Twenty-three years later, in 1989, Charles Yacoub hijacked a Greyhound bus and drove it up to Centre Block, before firing off shots and taking hostages. All that was really damaged was the lawn, however.

Natural disasters, like the Great Ice Storm of 1998, have also taken a cumulative toll on Canada’s most important legislative building.

Most recently, terrorist Michael Zehaf-Bibeau engaged in a shootout with parliamentary security in Centre Block’s Hall of Honour in 2014. Shots fired in the incident left scars along the stone walls, a hole in the wood panelling, and shattered a window.

Heritage experts, political pundits, and members of parliament have gone back-and-forth on whether or not to preserve the tragedy’s vivid reminders.

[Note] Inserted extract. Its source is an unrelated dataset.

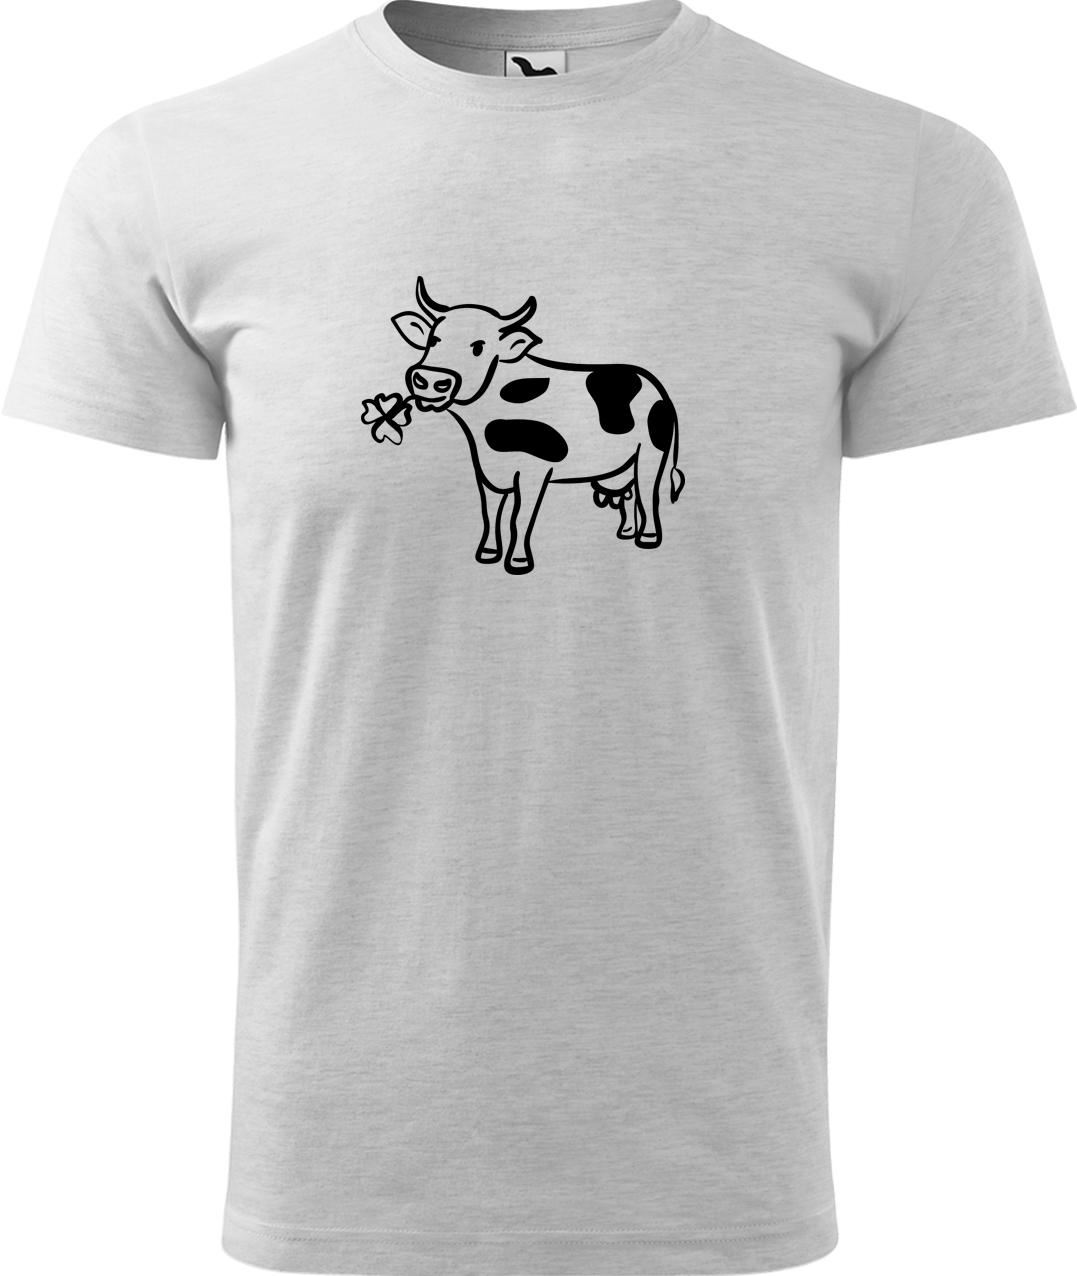 Pánské tričko s krávou - Kravička a jetel Velikost: M, Barva: Světle šedý melír (03), Střih: pánský

At present, it’s unclear how upcoming rehabilitation efforts will address the damage.

In the meantime, while Centre Block takes on its temporary role as a construction zone, MPs will convene in the newly-renovated West Block. The interim meeting spot is set beneath a glass-panelled roof and a modern black beamed support structure.

The Senate will meet across the road in the Government Conference Centre as its respective chamber is refurbished. The over 100-year-old building functioned as Ottawa’s train station up until 1966.

Outside of cosmetic and structural changes, another goal of the ongoing revamp is to make Parliament Hill more campus-like, secure, and operationally efficient.

Taxpayers will have to wait until all work is complete to see the final bill for the entire rehabilitation project. But around $3 billion of the $4.7 billion approved budget has been spent thus far.